WHAT THE EXERCISE ASKS:
Write out the data that follows exactly, keeping every picture out.

DATA EXTRACT:
++++++++++

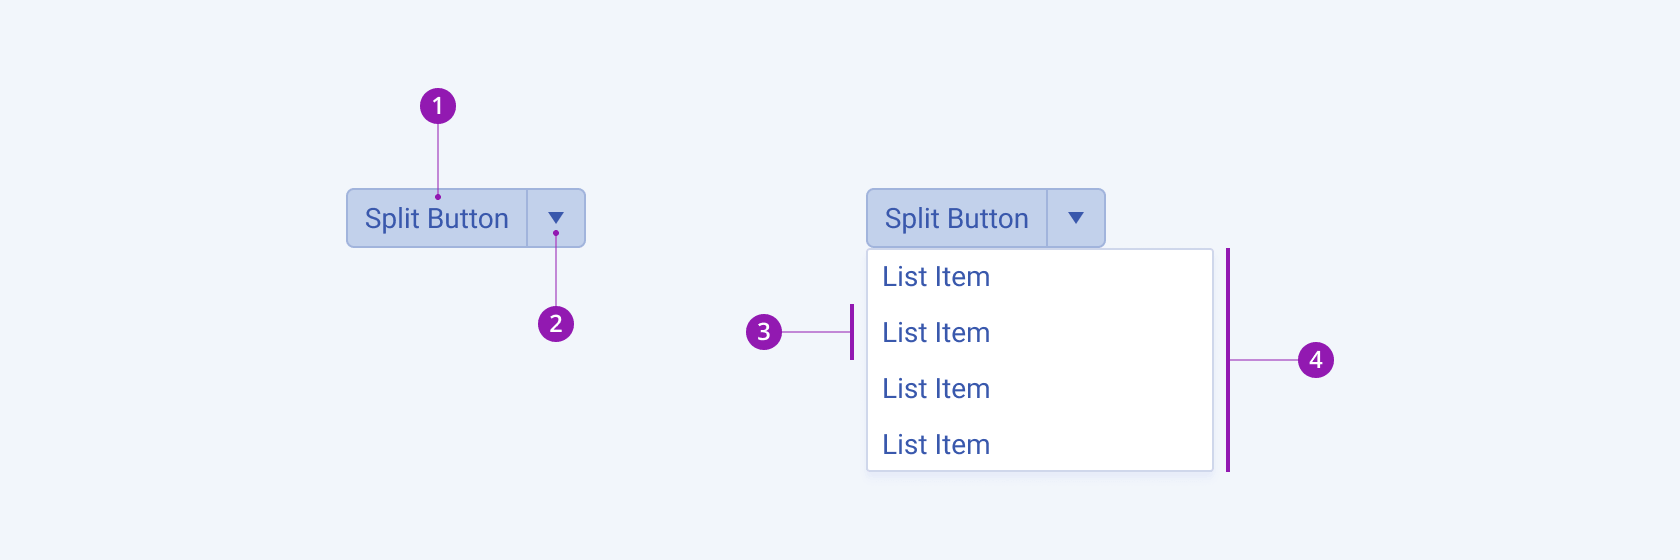 A Telerik and Kendo UI SplitButton component in its normal and expanded state, consisting of a button, icon button, and drop-down list.
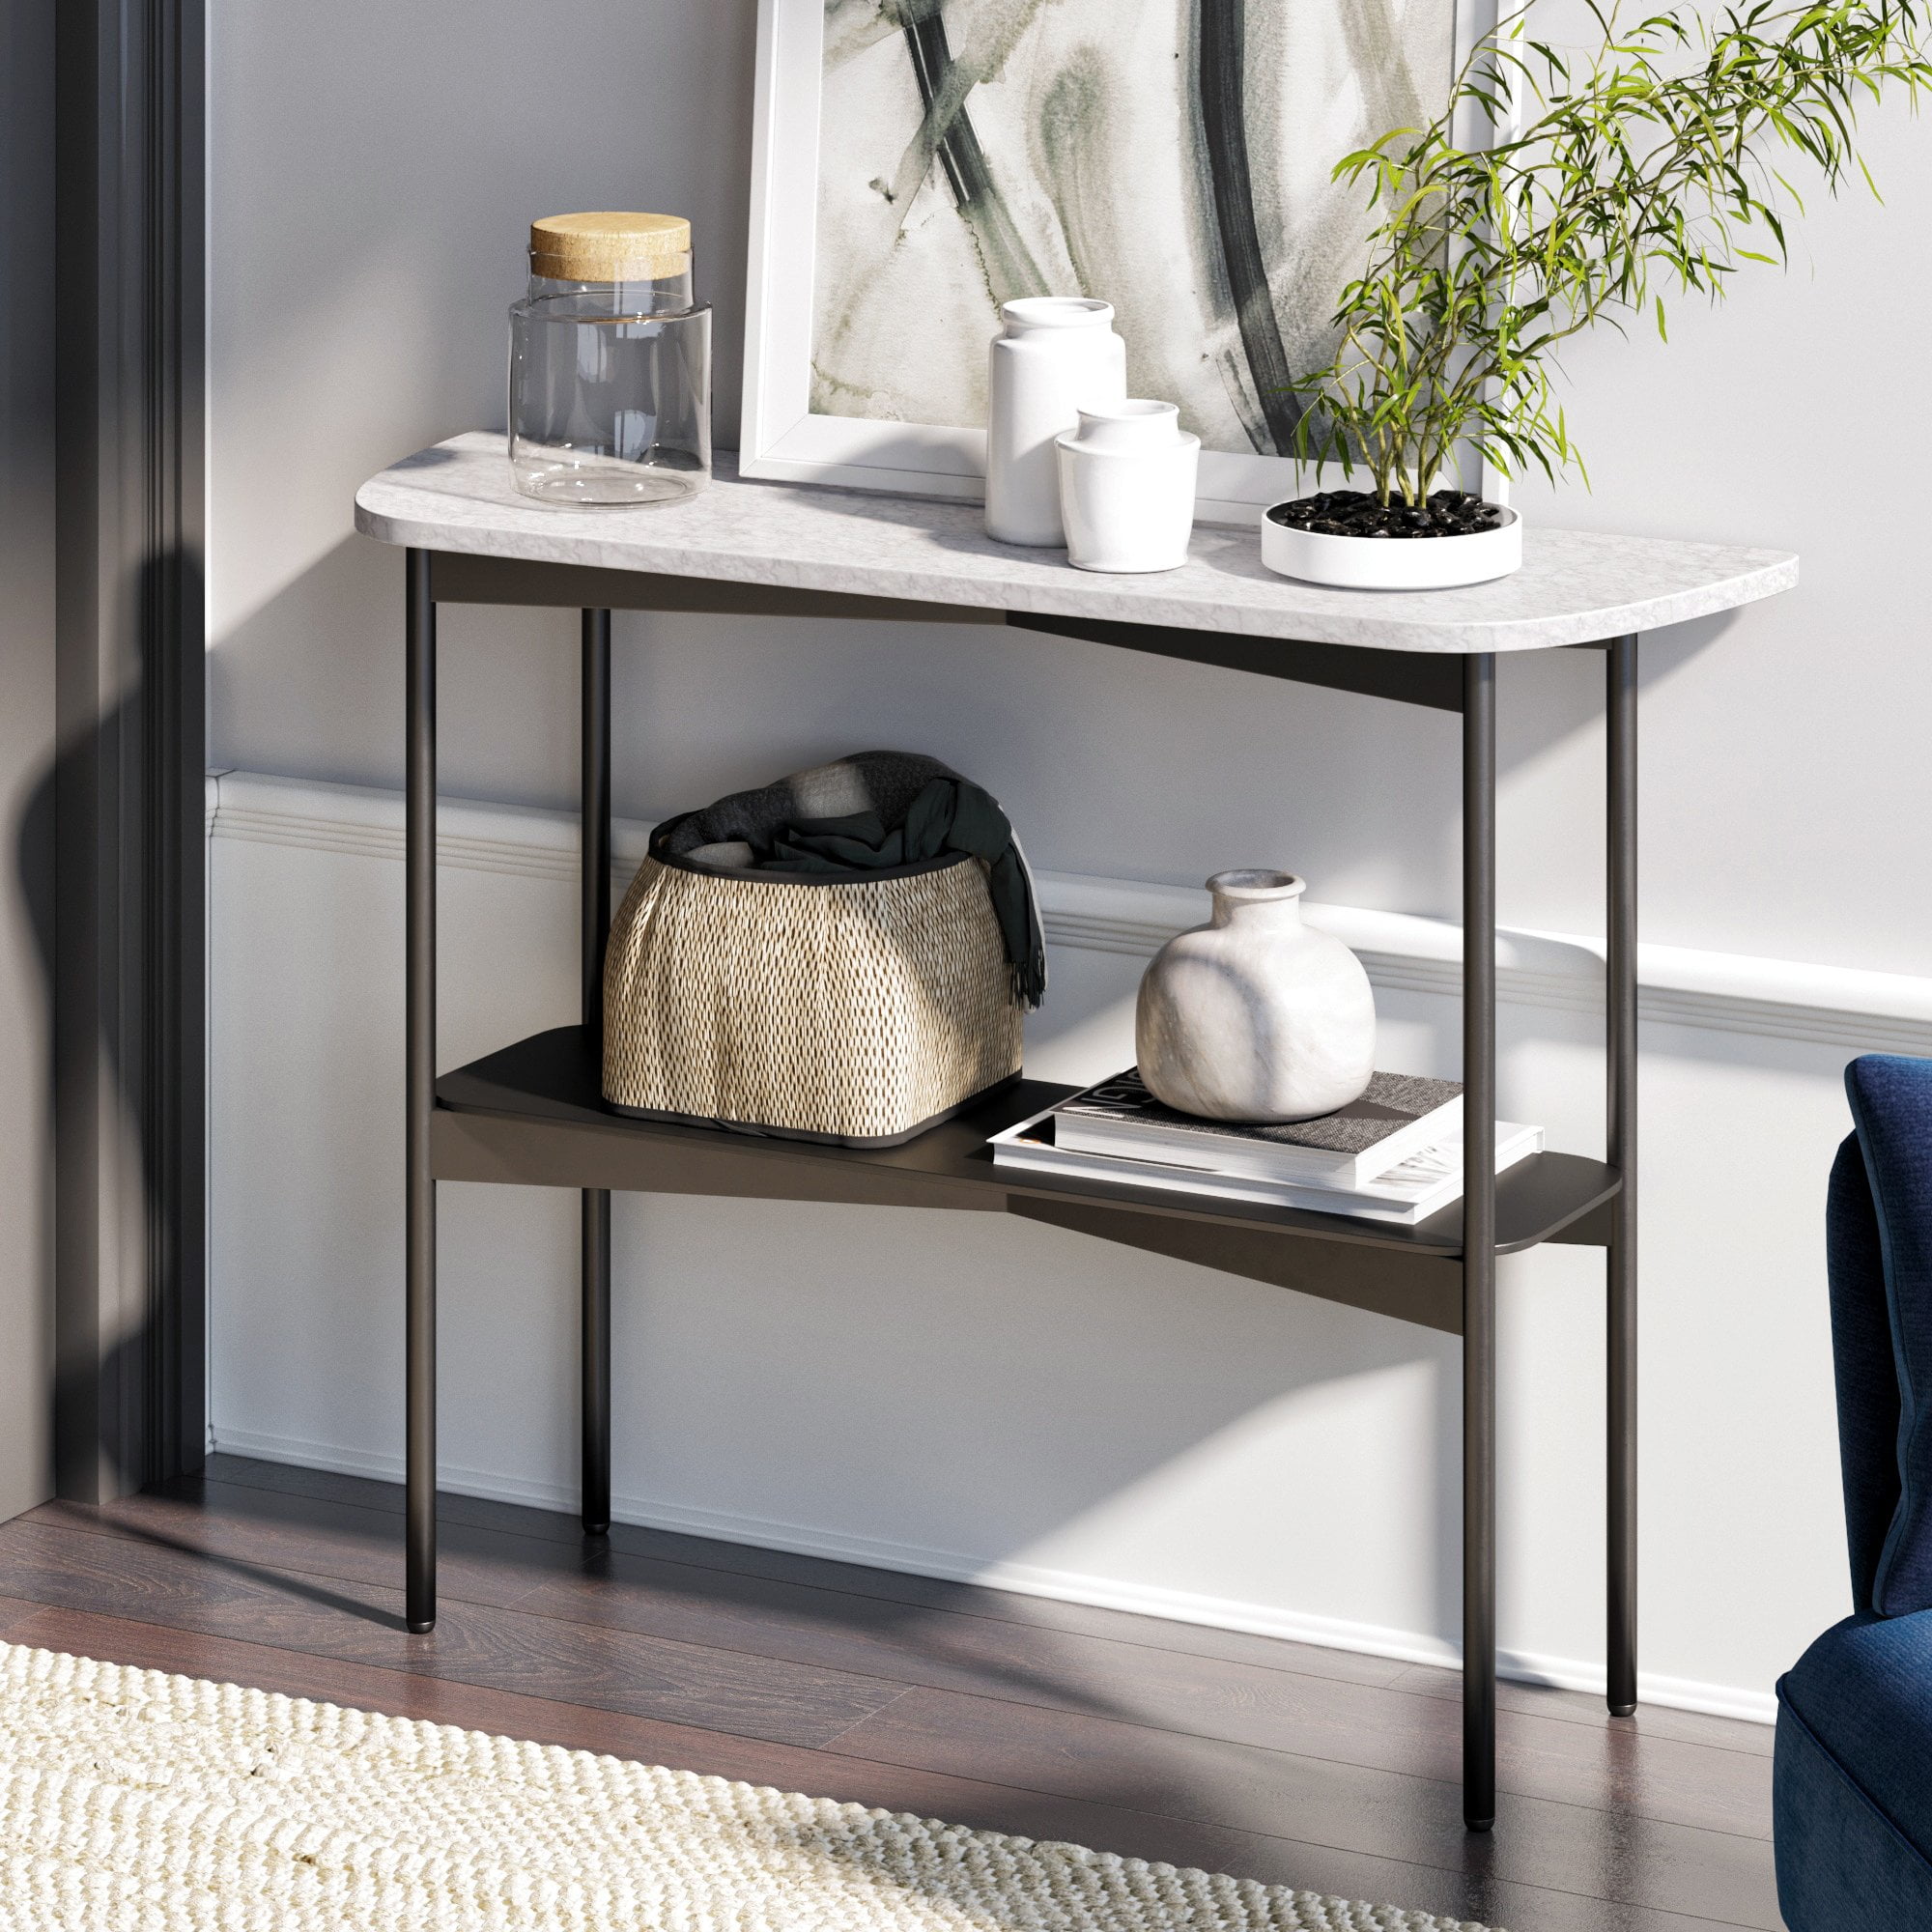 Choochoo Narrow Console Table For Entryway Tall Entryway Table For
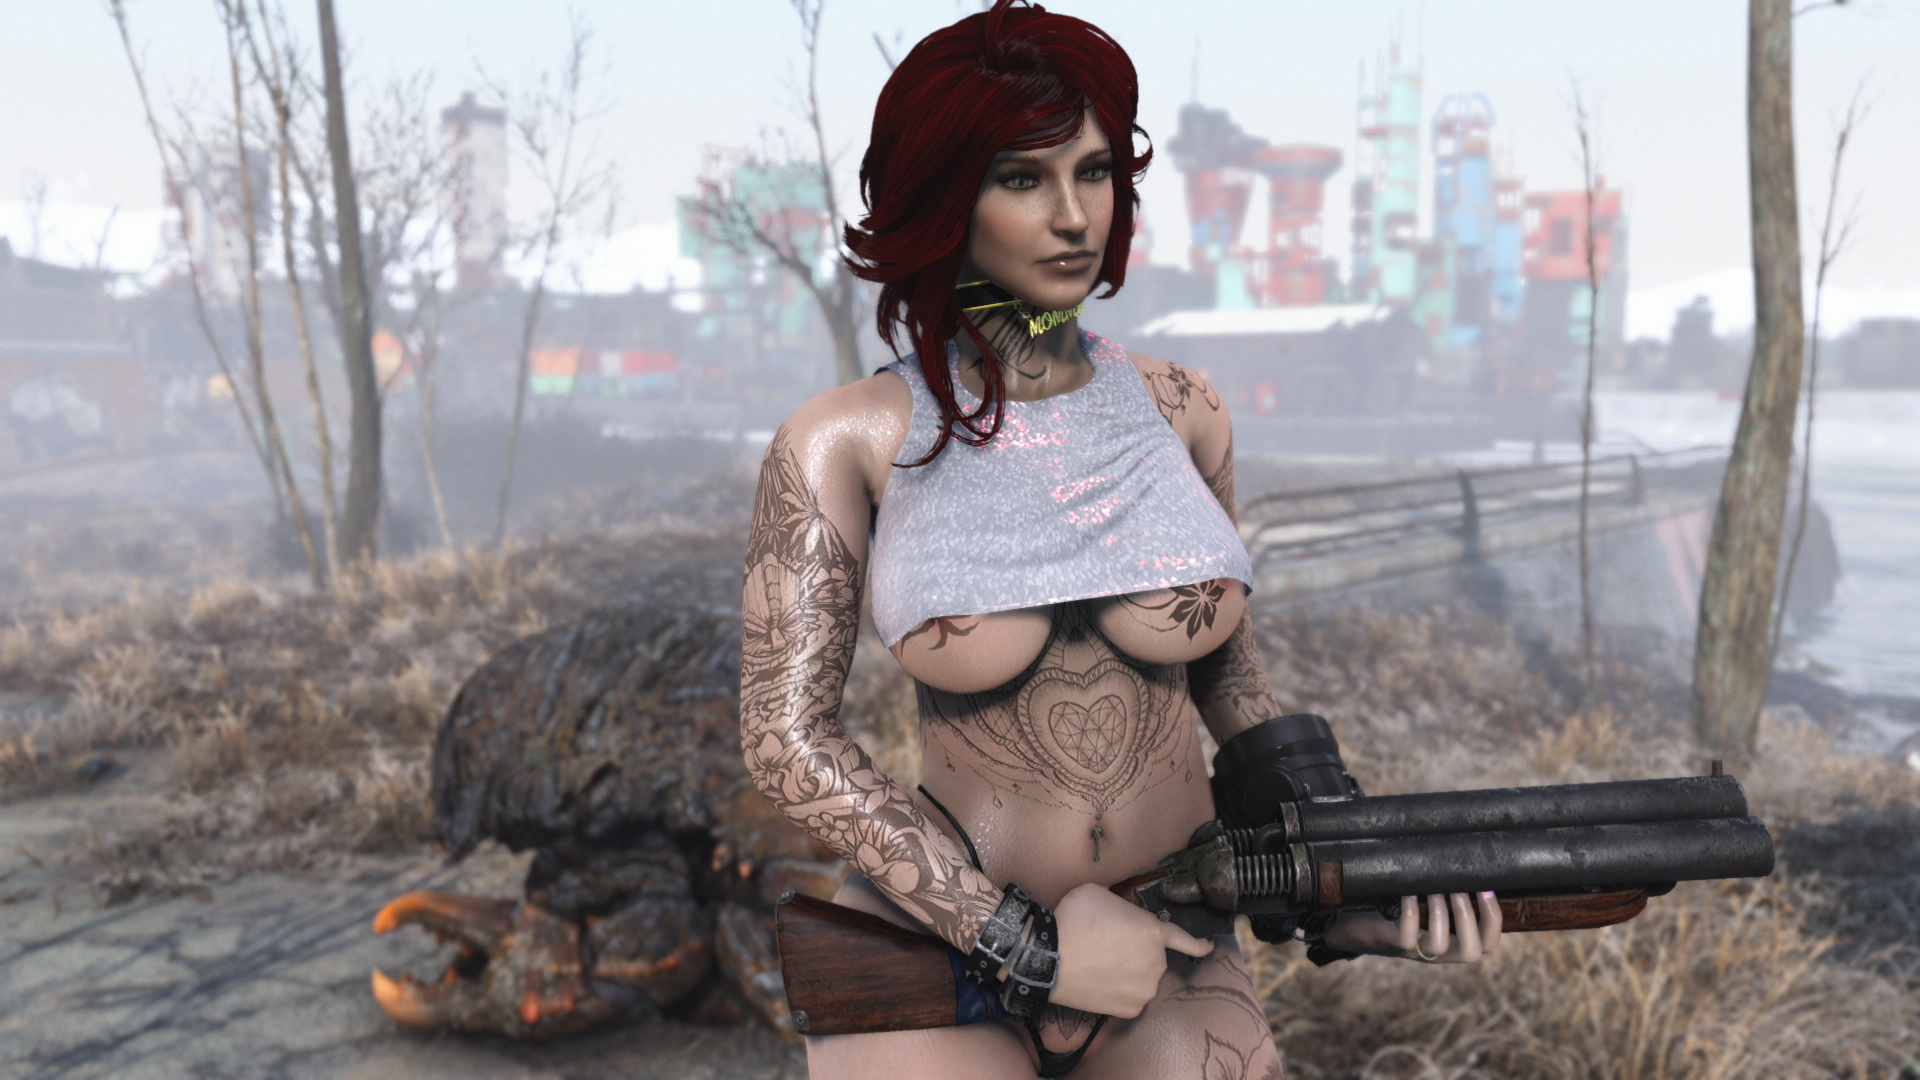 1040434856_Fallout42020-04-0106-19-44.png.c0b43c338e47673932a13220f37fe6a8.png
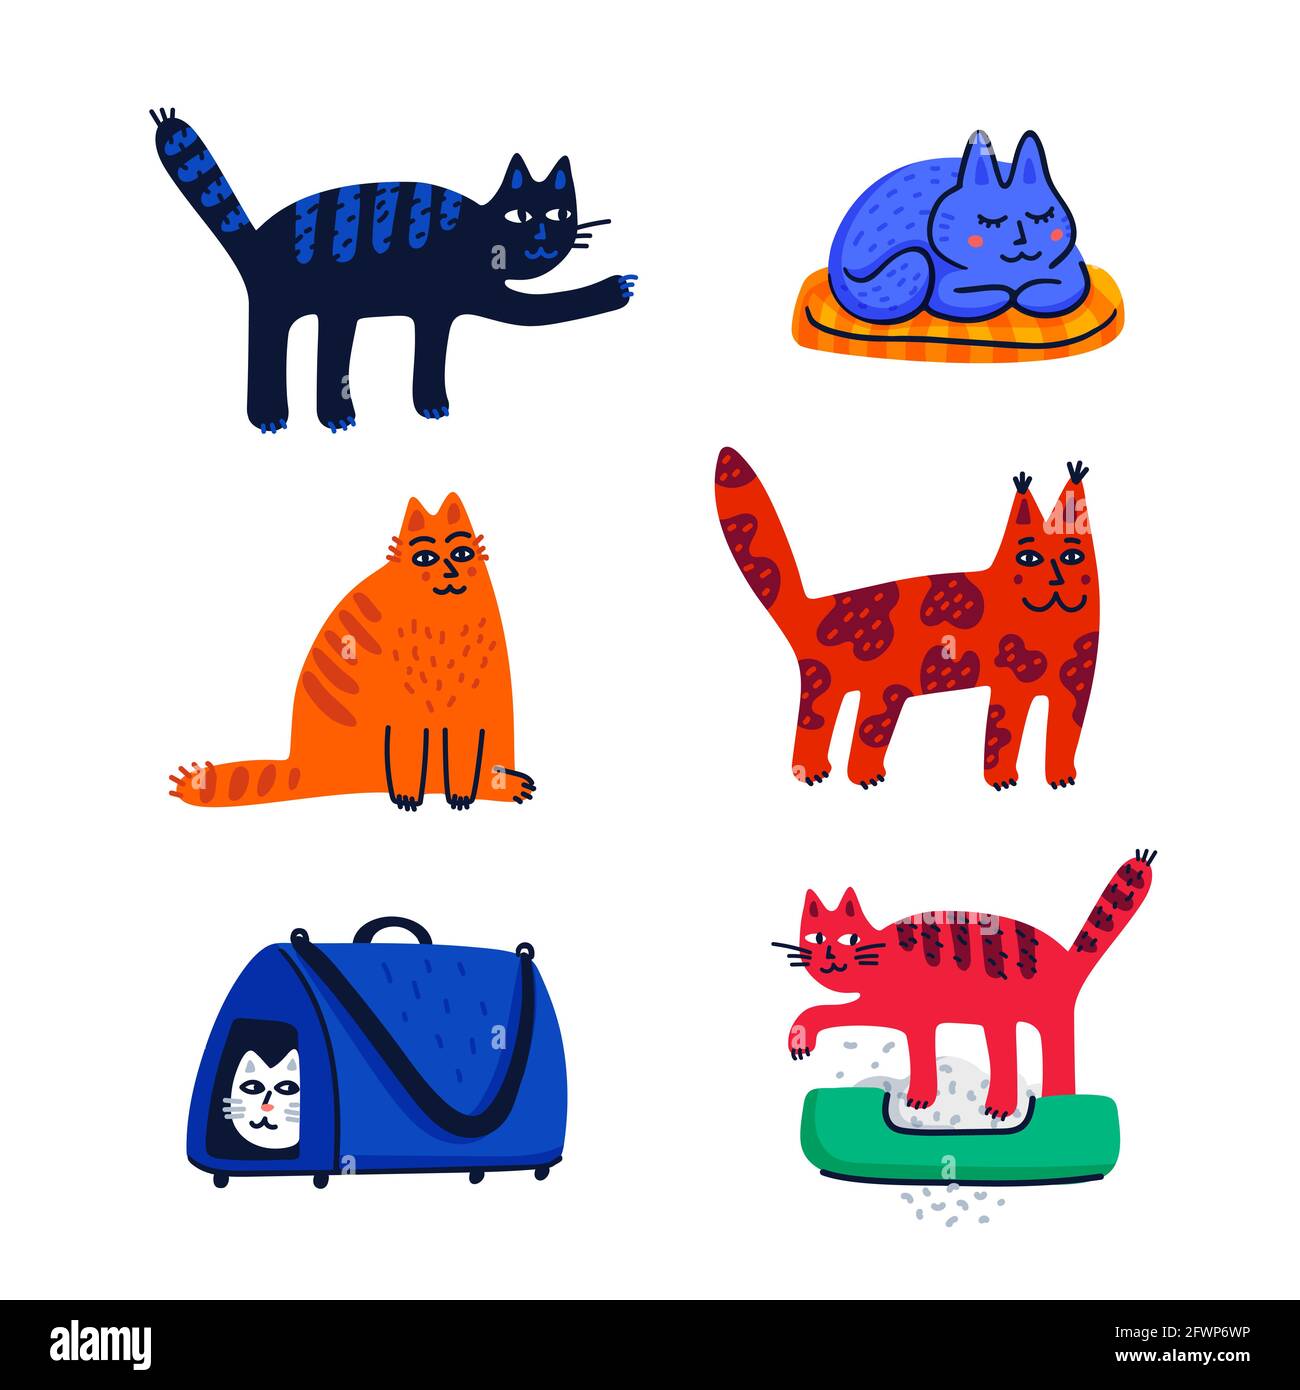 Pet grooming concept. Set of cartoon cats with different colored fur and markings standing sitting or walking. Cat care, grooming, hygiene, health Stock Vector

++++++++++

WORKED SOLUTION:
 A Telerik and Kendo UI SplitButton component in its normal and expanded state, consisting of a button, icon button, and drop-down list.
 Choochoo Narrow Console Table For Entryway Tall Entryway Table For
 1040434856_Fallout42020-04-0106-19-44.png.c0b43c338e47673932a13220f37fe6a8.png
 Pet grooming concept. Set of cartoon cats with different colored fur and markings standing sitting or walking. Cat care, grooming, hygiene, health Stock Vector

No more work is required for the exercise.